Rhétorique du moi
Le MOI se pose comme le fondement de toute entreprise autobiographique, l’étymologie même le prouve. Presque lapalissade. Cependant, l’autobiographie appartient aux genres littéraires, même si elle se donne comme un document. Un premier paradoxe se fait jour : comment dire le vrai, reproduire la vérité dès lors qu’il s’agit de mettre en mots le travail d’une mémoire subjective ? Paul Valéry l’a dit sous une forme sentencieuse : « En littérature, le vrai n’est pas concevable ». En somme, on peut immédiatement se demander si ce moi qui se donne pour origine de l’ententreprise autobiographique n’est pas plutôt son produit. Par ailleurs, ce moi n’est pas une donnée, un présupposé ou un invariant : il évolue. Les expériences de la vie le changent, il est pris dans une perpétuelle recherche, l’écriture du moi étant une de ses formes. Plutôt que de parler DU moi, il faudrait donc parler des moi : celui de l’auteur qui rédige ces mémoires est différent de celui qui vivait cette vie devenue objet de récit. L’identité inchangée de l’écrivain est un leurre. Le « Je » n’est jamais univoque. Le mot autobiographie est donc loin de recouvrir une définition que l’on pourrait qualifier de lapalissade. Il met en jeu trois termes inconciliables :
Auto : le « je », mais pris dans un mouvement d’analyse, de réflexion. « Je » autotélique, c’est-à-dire qui a sa fin en lui-même. Difficulté du dédoublement, de se considérer comme un « autre » pour pouvoir écrire sa vie.
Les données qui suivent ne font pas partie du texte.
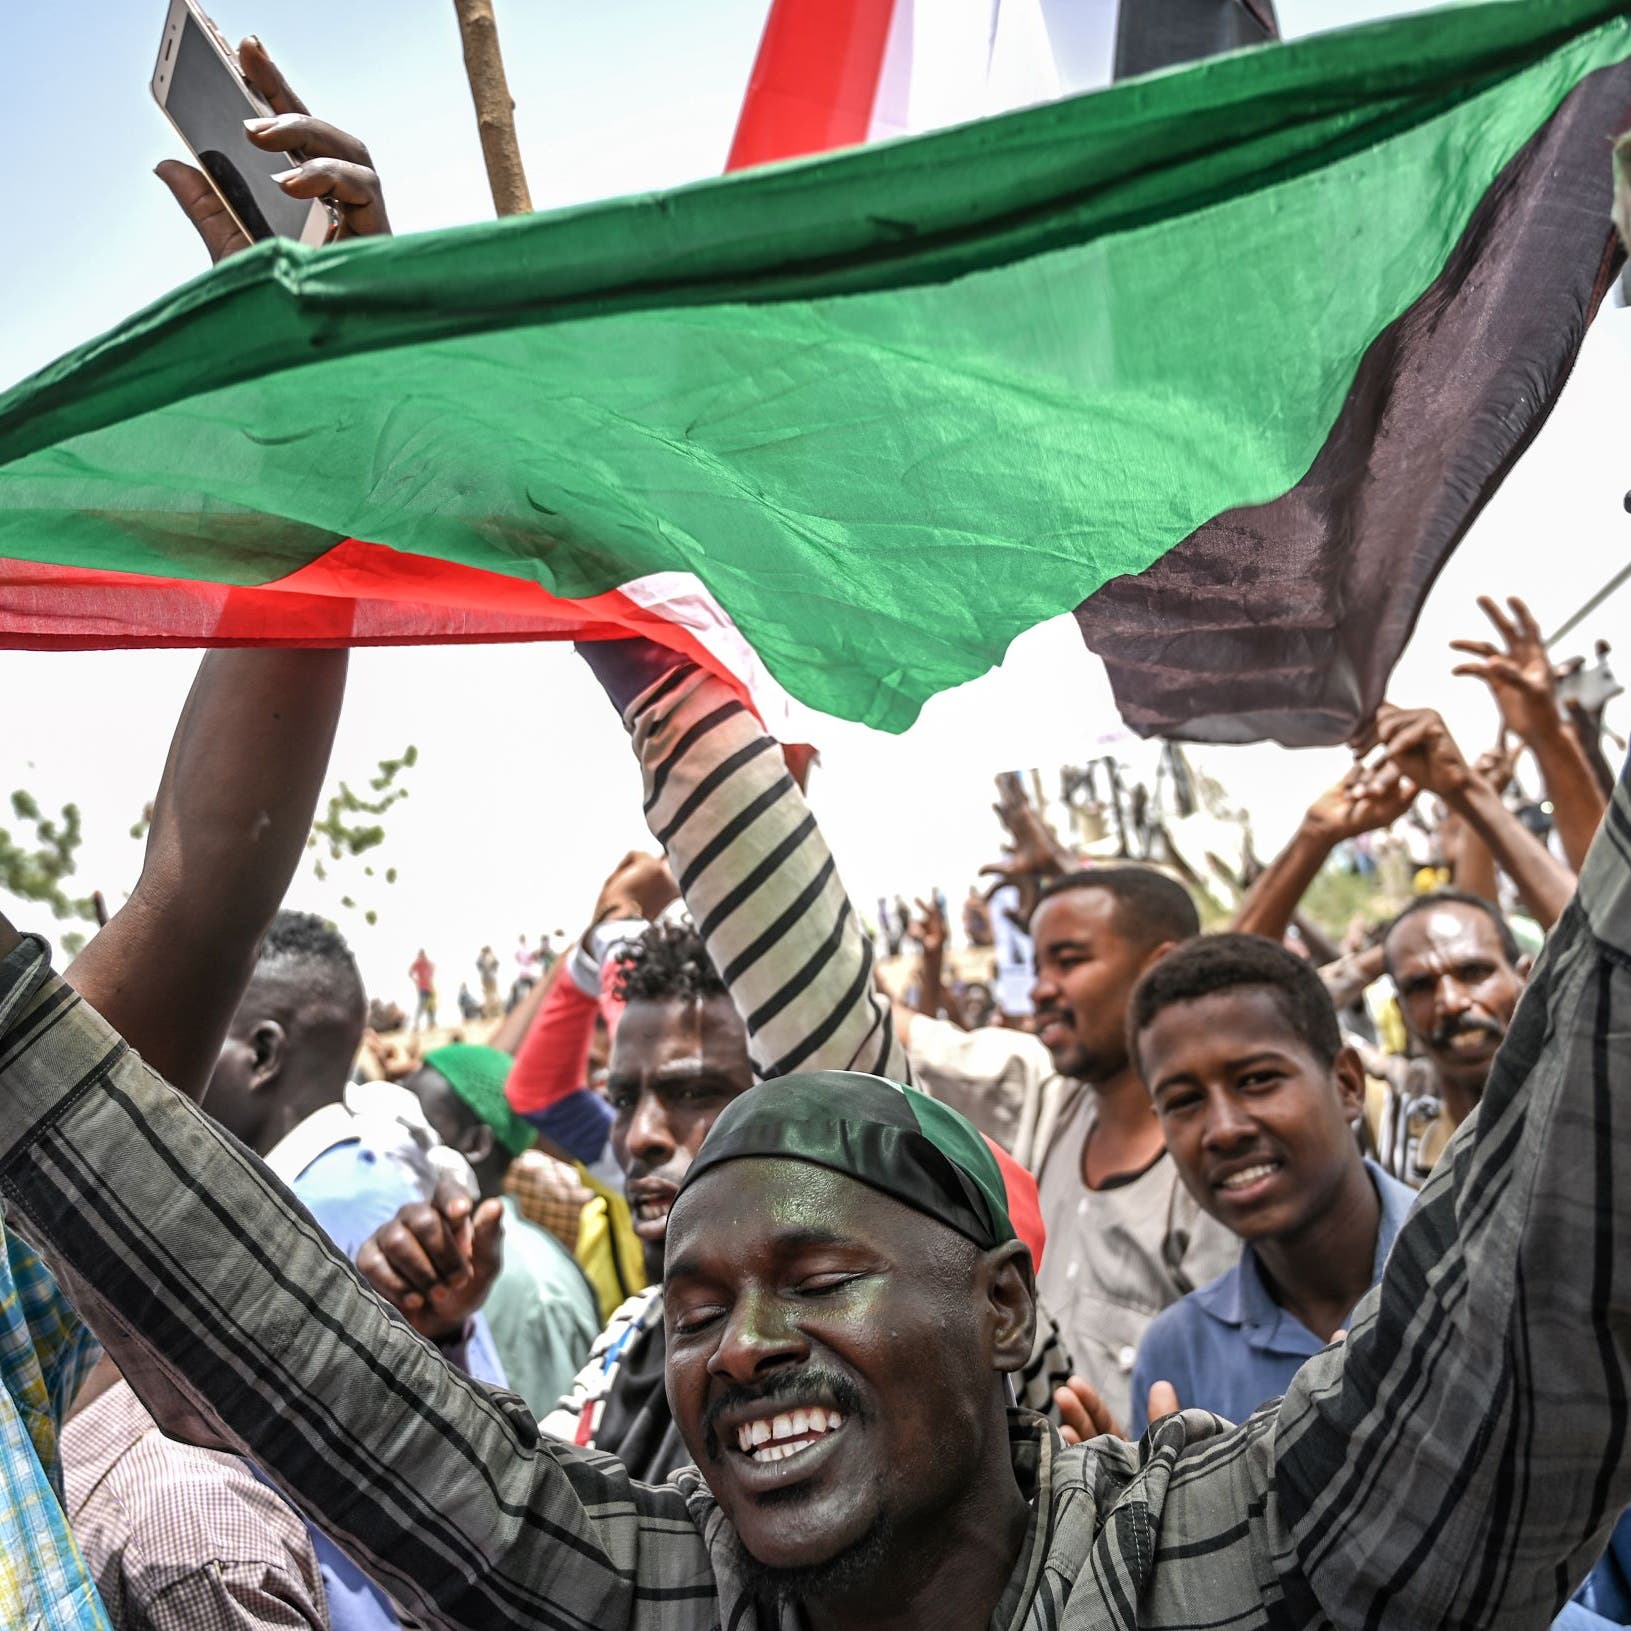 السودان.. مظاهرات بذكرى الثورة ومطالبات باستكمال هياكل الدولة  
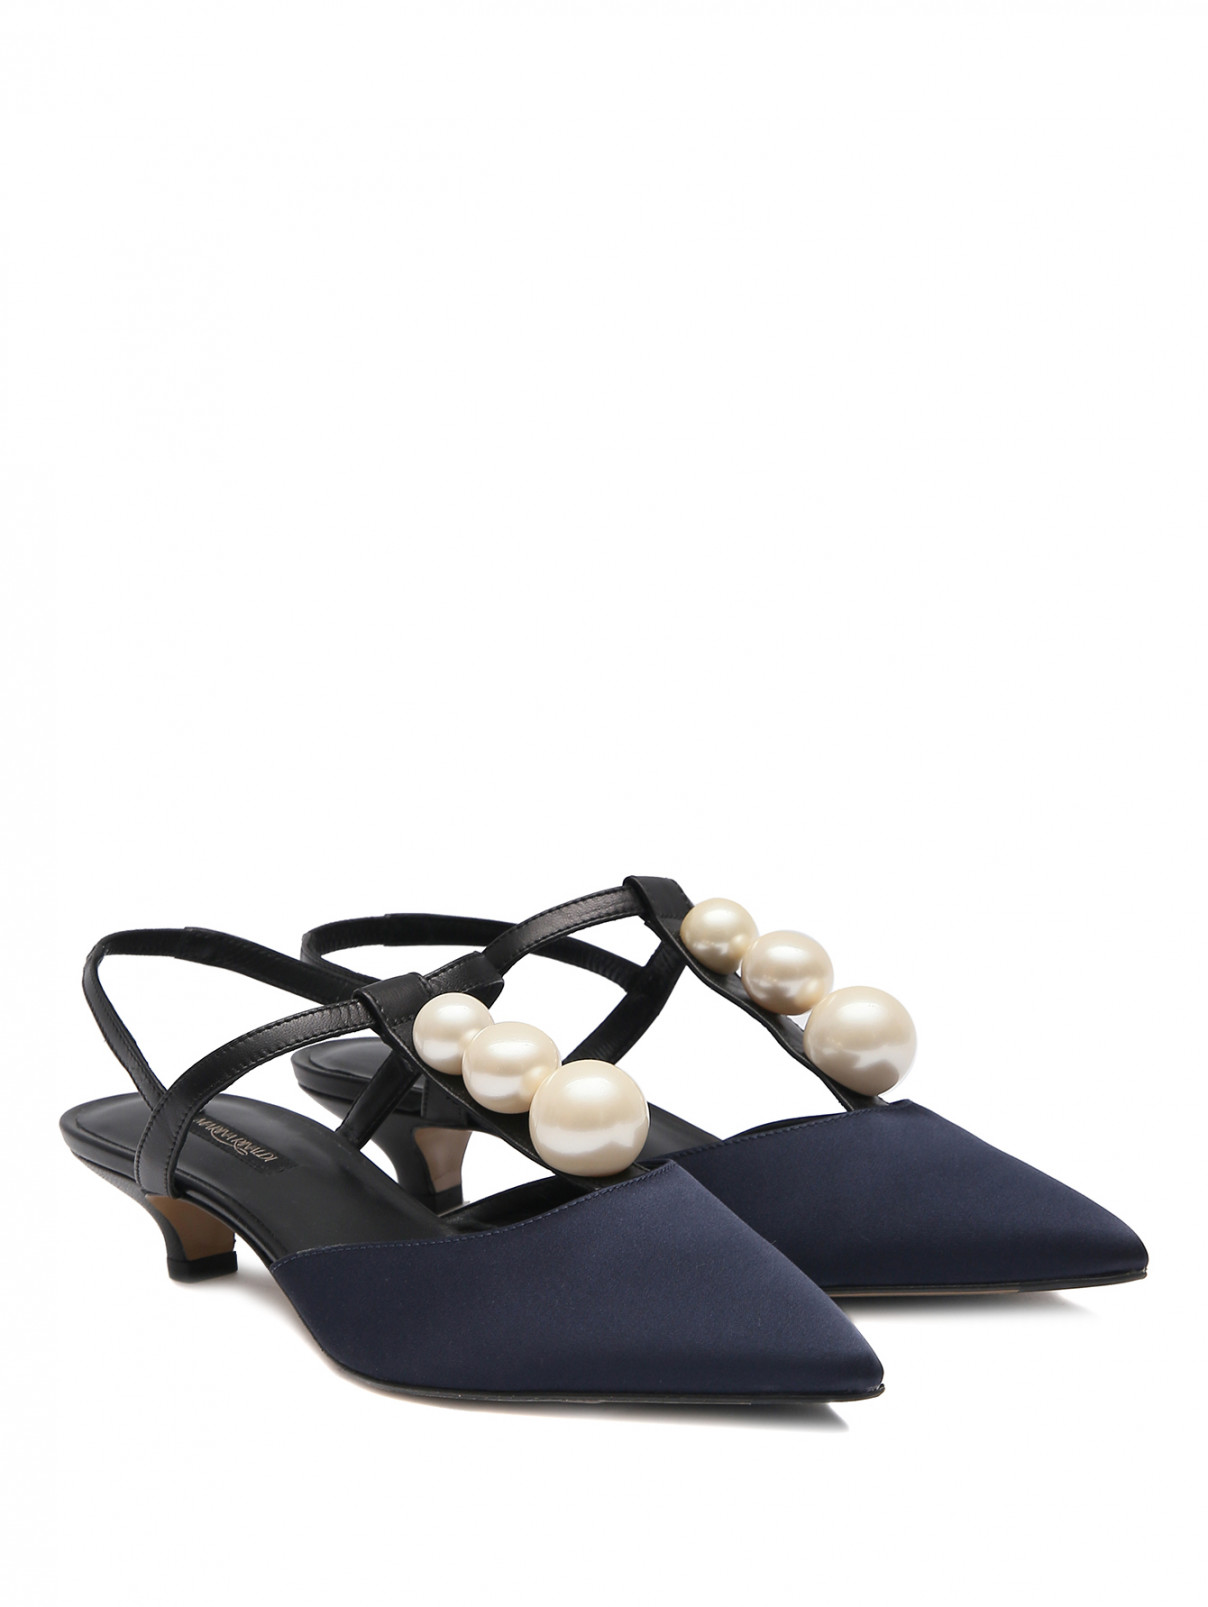 Туфли из шелковой ткани с жемчугом Marina Rinaldi  –  Общий вид  – Цвет:  Черный

Bio : la vie mais prise dans une graphie, une écriture (moyen, instrument), qui la transforme, quels que soient les principes de sincérité ou d’objectivité affirmés par le texte. D’autant que le « je » n’est pas isolé. Le « Je » est social, familial, sexuel : moi et les autres. Se pose alors le problème du dévoilement d’autrui (dévoilement d’une part inavouée de soi aux autres, mise en lumière de la vie d’autrui à travers la sienne.